I can think of the "players interact" element of game ratings (and the fundamentally open-ended nature of that) but not much else. Perhaps it's mostly just moderation/policy?


Sorry, yes, it's 13+. That's still unreasonable, in my opinion. Lots of kids program before the age of 13.


> However, it's incredibly difficult to harness the compute power of Colab for anything beyond Jupyter notebooks. For Machine Learning engineers that want to productionize their models and bring them out of the notebook stage, this is a particularly relevant issue; notebooks, while perfect for exploration, don't play well with more advanced MLOps tools that codify the training process into a formal pipeline.

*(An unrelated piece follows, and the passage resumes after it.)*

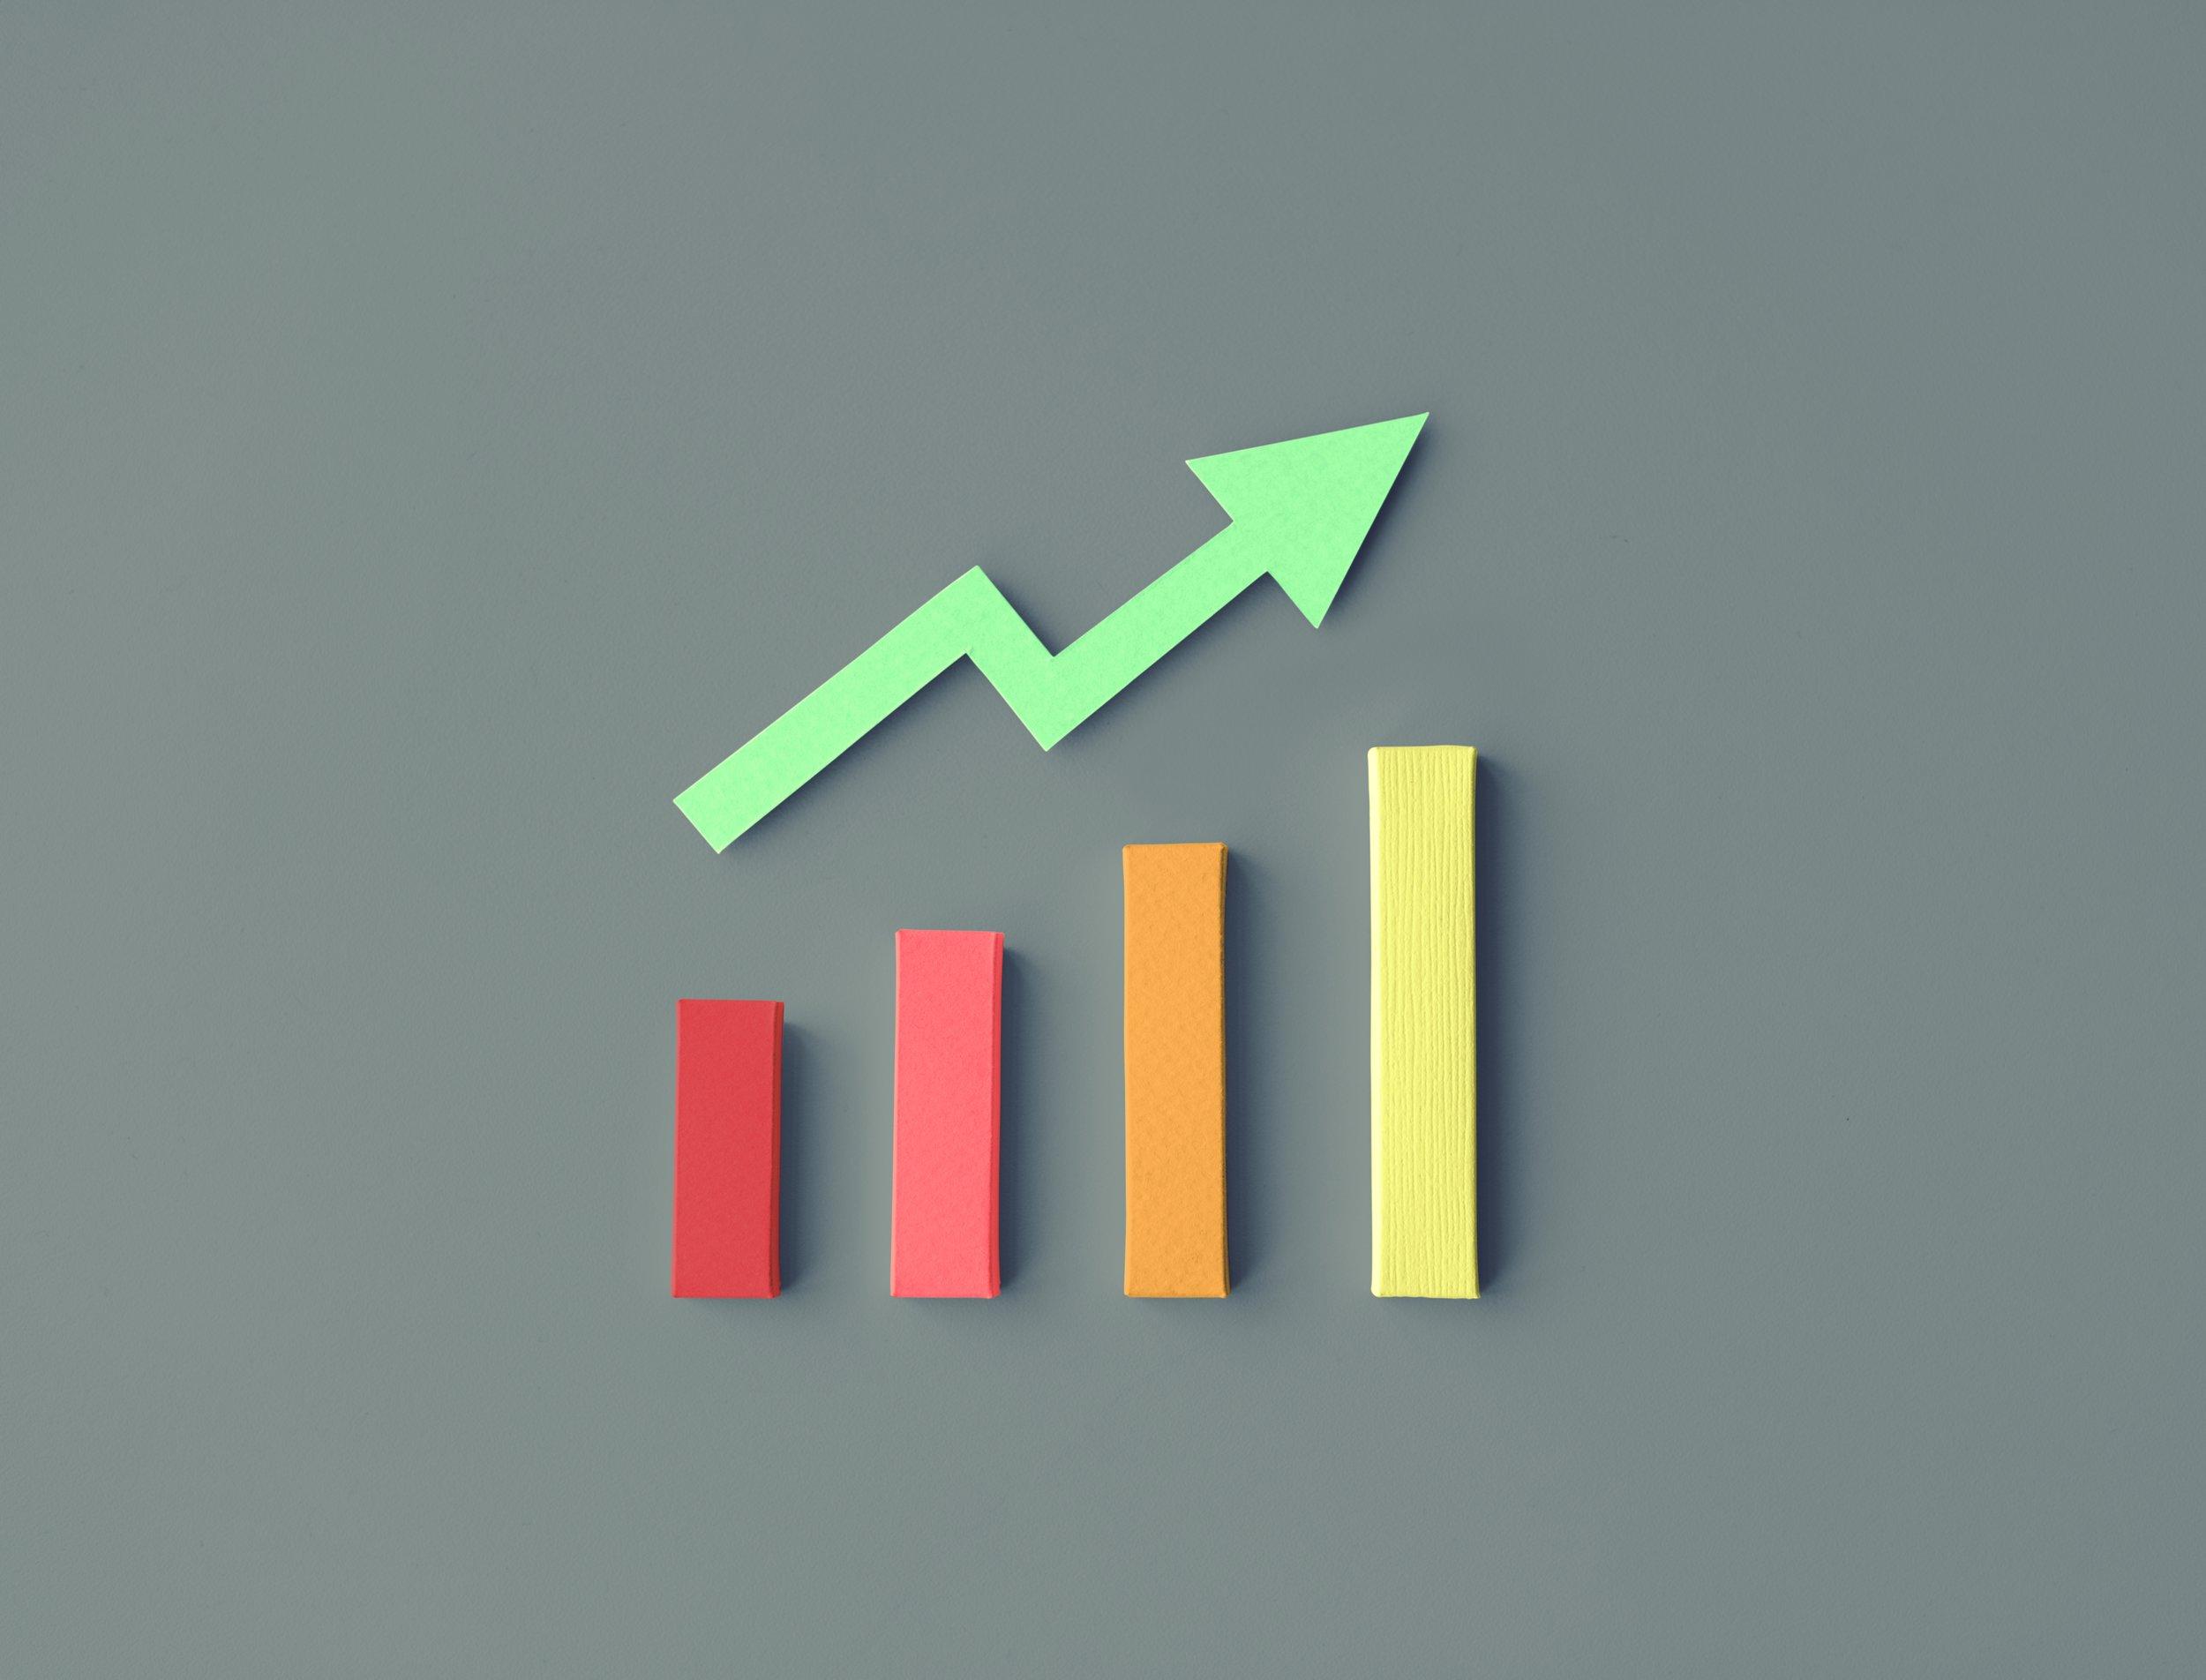 statistics-strategy-analysis-diagram-information.jpg
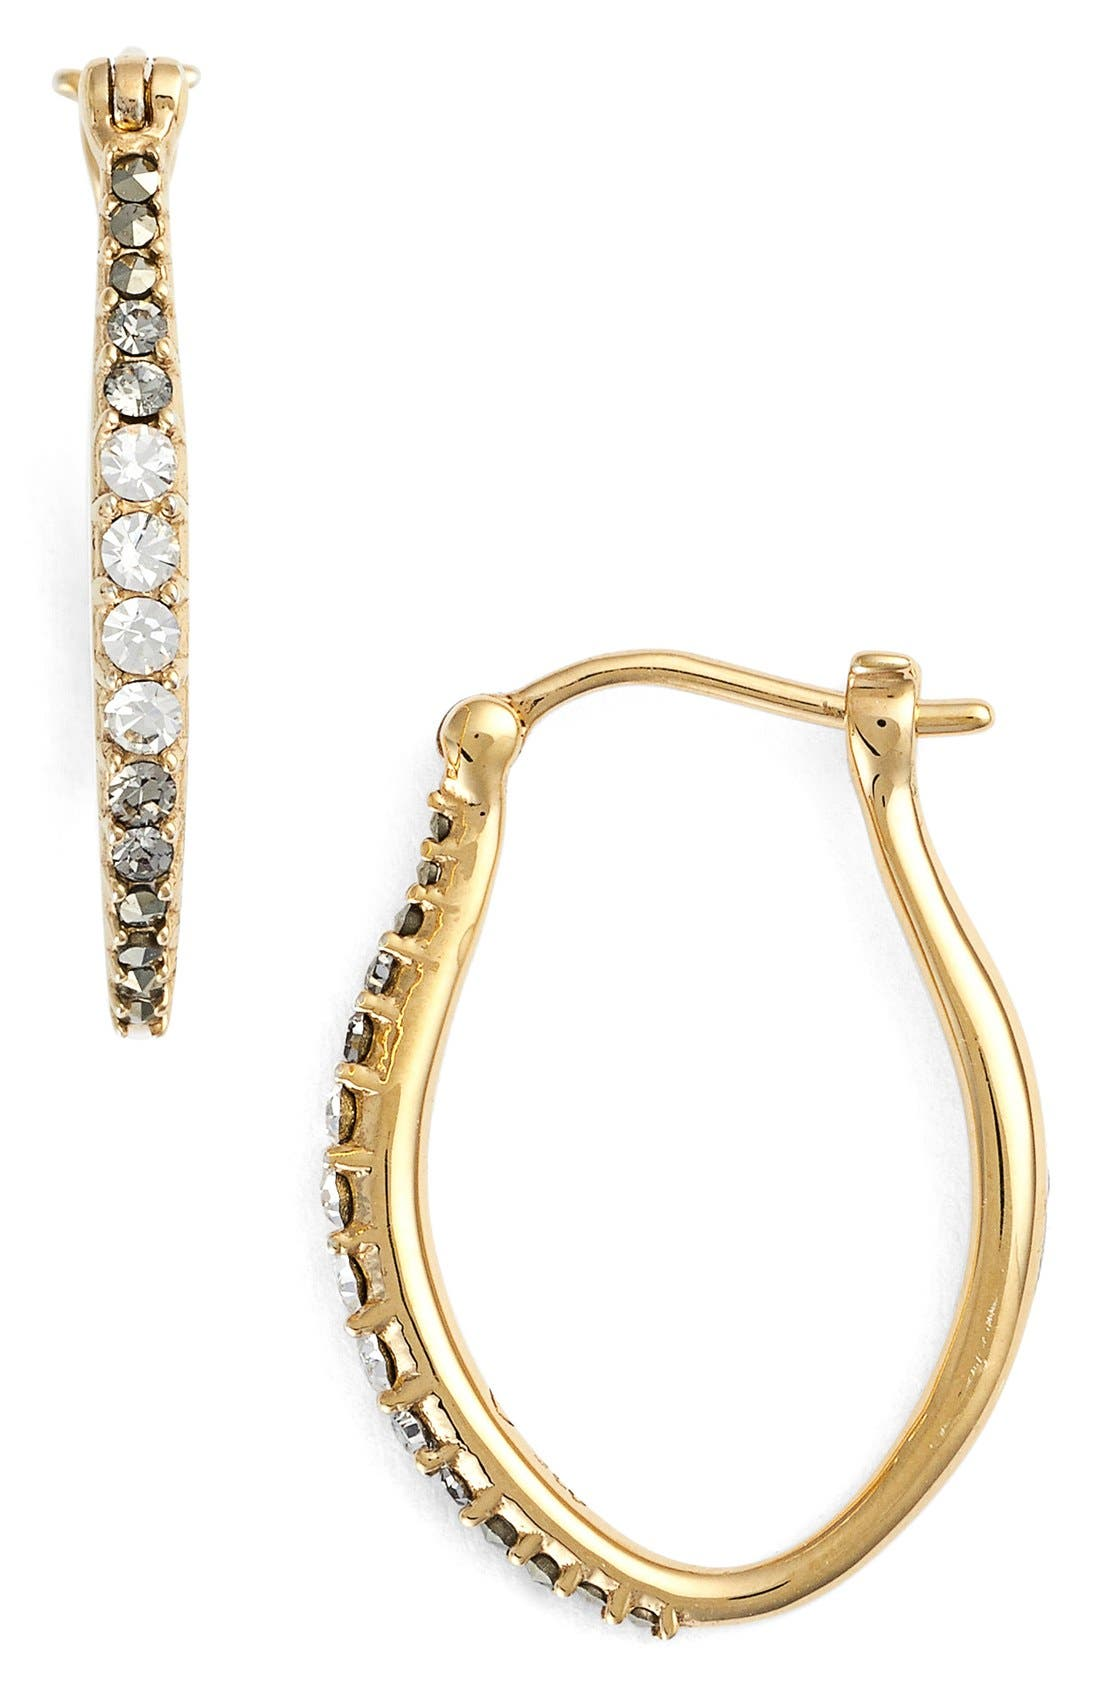 Marcasite & Swarovski Crystal Hoop Earrings,                             Main thumbnail 1, color,                             Gold

That isn't what Colab is intended for. Google has better and more productive tools for companies who can fit the bill, which is getting cheaper over time.

AI Notebooks behave the same in practice as Google Colab with one-click one/off for model testing + JupyterLab. If you want to minimize costs via spot instances, you can deploy a Compute Engine with the Deep Learning VM image, which also includes a running JupyterLab on launch if need to use that workflow, and also saves time by including your framework of choice. A spot VM with a T4 GPU is about $0.18/hour.


pops a terminal inline in the colab notbook on the backing vm. super useful if you get tired of having to shell execute all the time via the cell interface.


There's also colab-ssh [1] that sets up an SSH tunnel (through cloudflared) and allows you to connect from your ssh client in your own terminal.





There's an active effort to (again) implement Swift on Colab:


Make some of its features can be pulled into jupyterlab!